Copyright and the aerospace industry

Aircraft Engineering and Aerospace Technology

ISSN: 0002-2667

Article publication date: 1 February 2000

Keywords

Citation

(2000), "Copyright and the aerospace industry", Aircraft Engineering and Aerospace Technology, Vol. 72 No. 1. https://doi.org/10.1108/aeat.2000.12772aaf.004

Publisher

:

Emerald Group Publishing Limited

Copyright © 2000, MCB UP Limited


Copyright and the aerospace industry

Keywords Aerospace industry, Copyright

Among the many issues confronting the aerospace industry, the protection of intellectual property by copyright has hardly registered on the list of priorities. Photocopying and now electronic communication have become so universal that most people would be surprised to learn that, apart from certain very restricted circumstances, it is actually illegal and can result in prosecution.

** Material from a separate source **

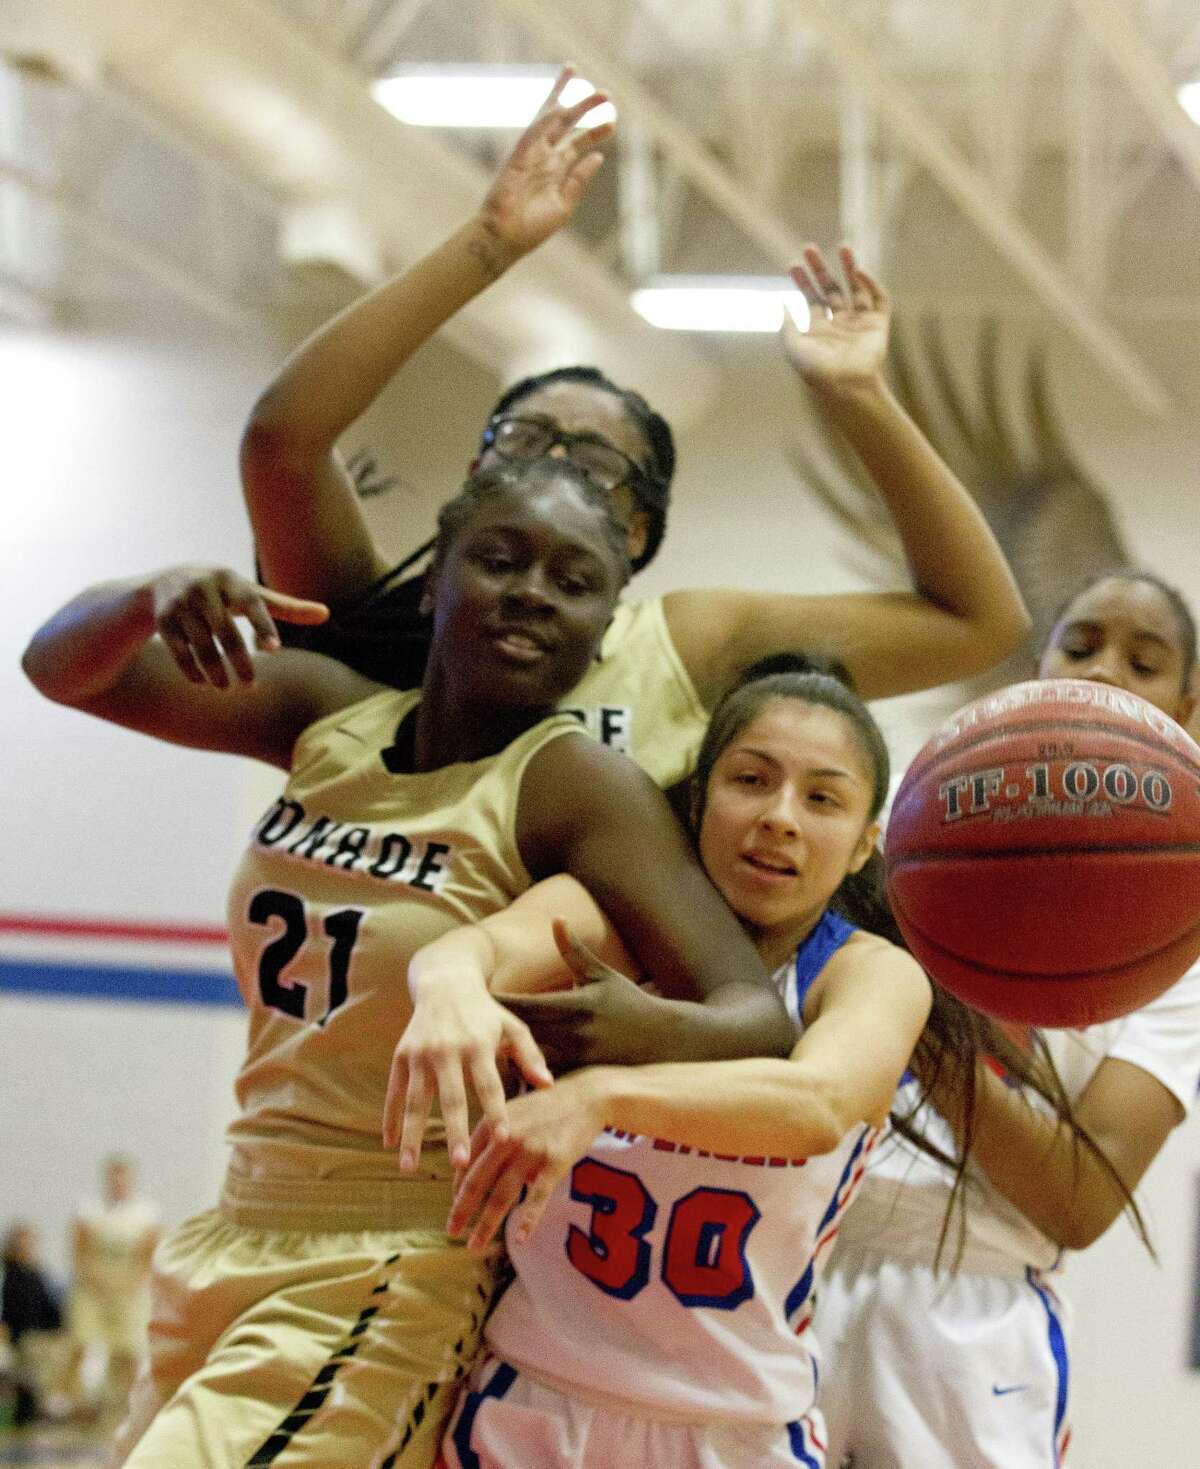 Conroe power forward Dee Anderson (21) and Oak Ridge point guard Alyssa Gonzales (30) go after a rebound during the first quarter of a District 15-6A high school basketball game at Oak Ridge High School, Saturday, Jan. 5, 2019, in Oak Ridge.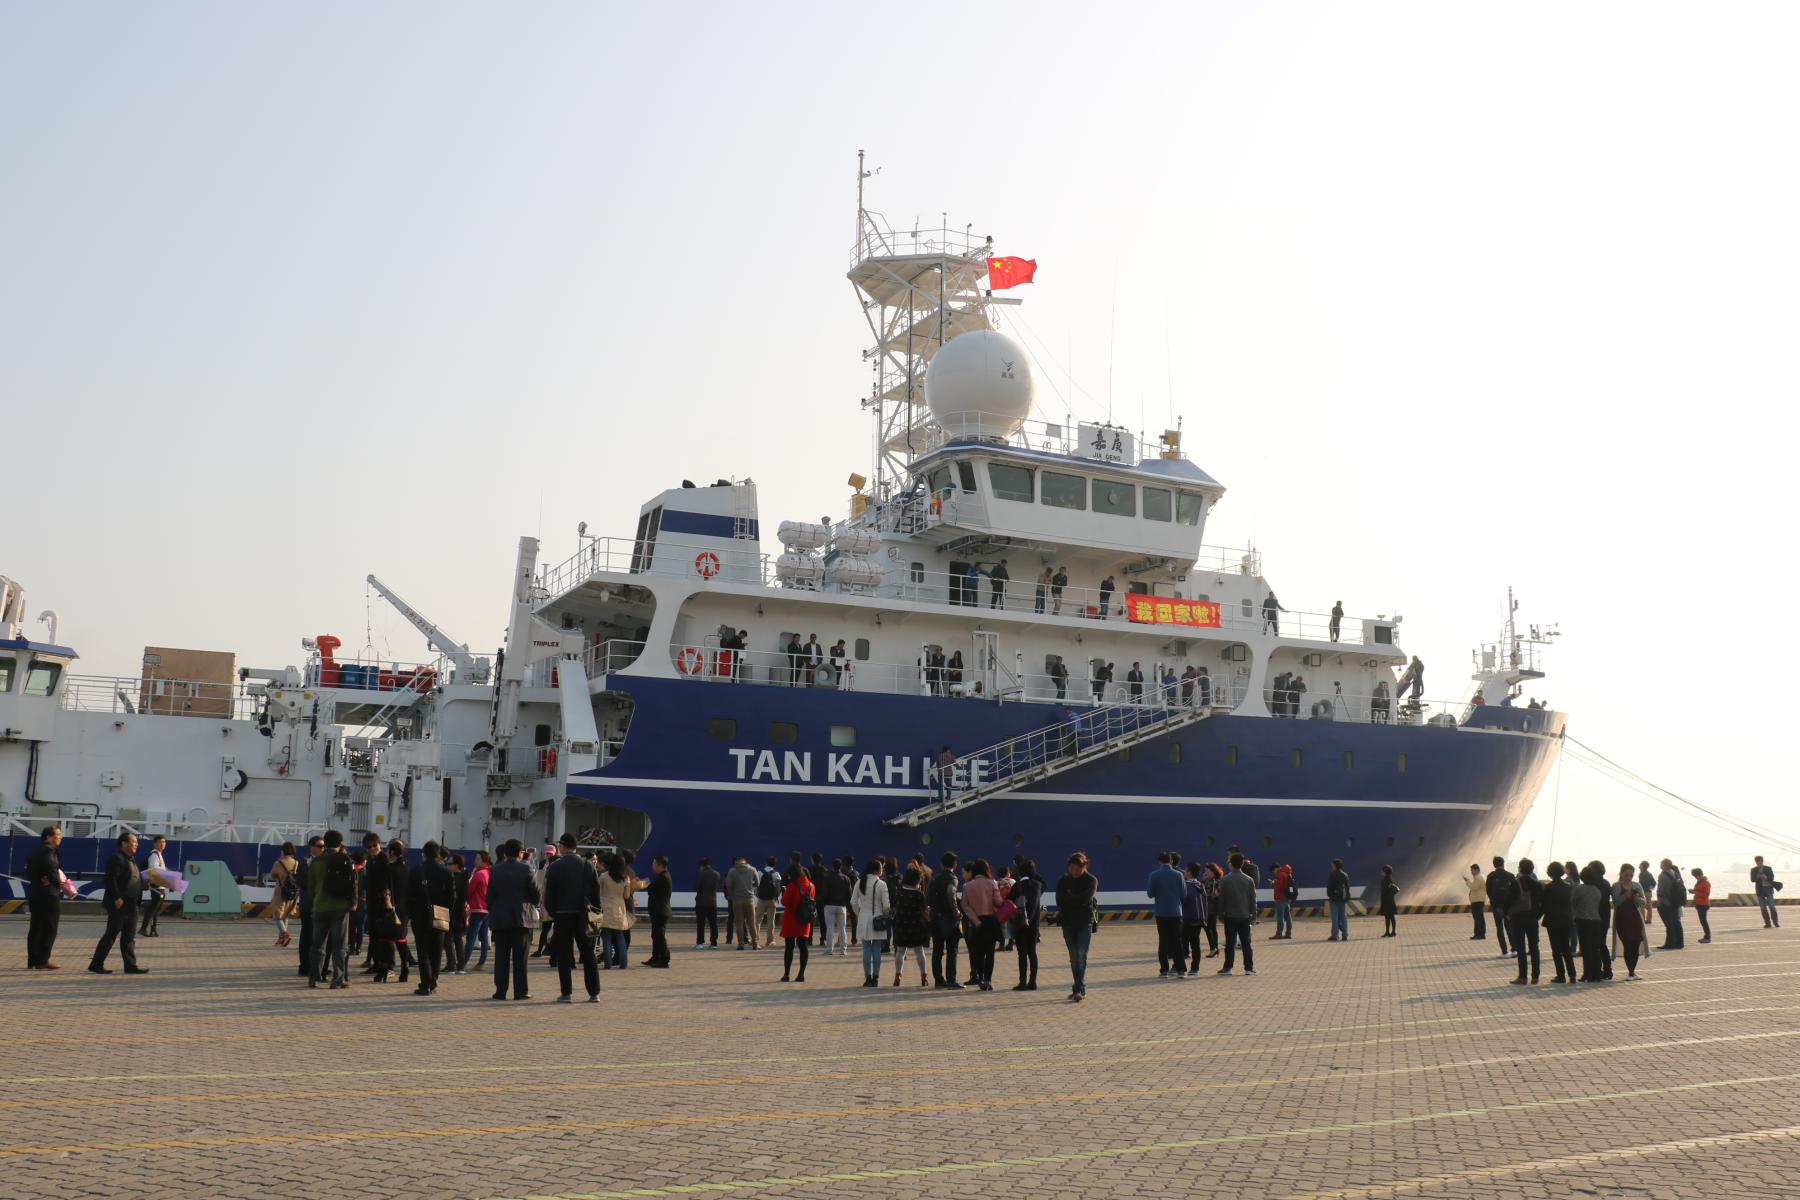 Chinese Research Vessel “Tan Kah Kee” Opens To Public In Malaysia

The nature of the aerospace industry, driven as it is by a constant demand for innovation and technological advance, means that intellectual property is a considerable factor in any company's success. Manufacturers and designers have invested substantially in the human resources and technology necessary to generate original and competitive ideas, yet often fail to pay the same attention to safeguarding the results of their own and others' work. A company's products can be protected by patenting. Original, creative work in the form of articles, books and Web pages is routinely printed out or copied without any regard to the authors and their rights.

In UK law, the only copying permitted is for research or private study and is limited by strict conditions. All other copying, by whatever means including the use of scanners and OCR (optical character recognition), is totally illegal. Legal action against named employees and directors for infringement of the intellectual property laws has been taken both in this country and the USA.

Authors are protected by the laws of copyright, in particular the 1988 Copyright Designs and Patents Act, which enable them to receive fees for legitimate uses of their work and allow them to forbid unauthorised use. In reality, the universal practice of photocopying and the current explosion of electronic media have eroded awareness of the true position to the extent that there is a widespread assumption that these activities are exempt from copyright law.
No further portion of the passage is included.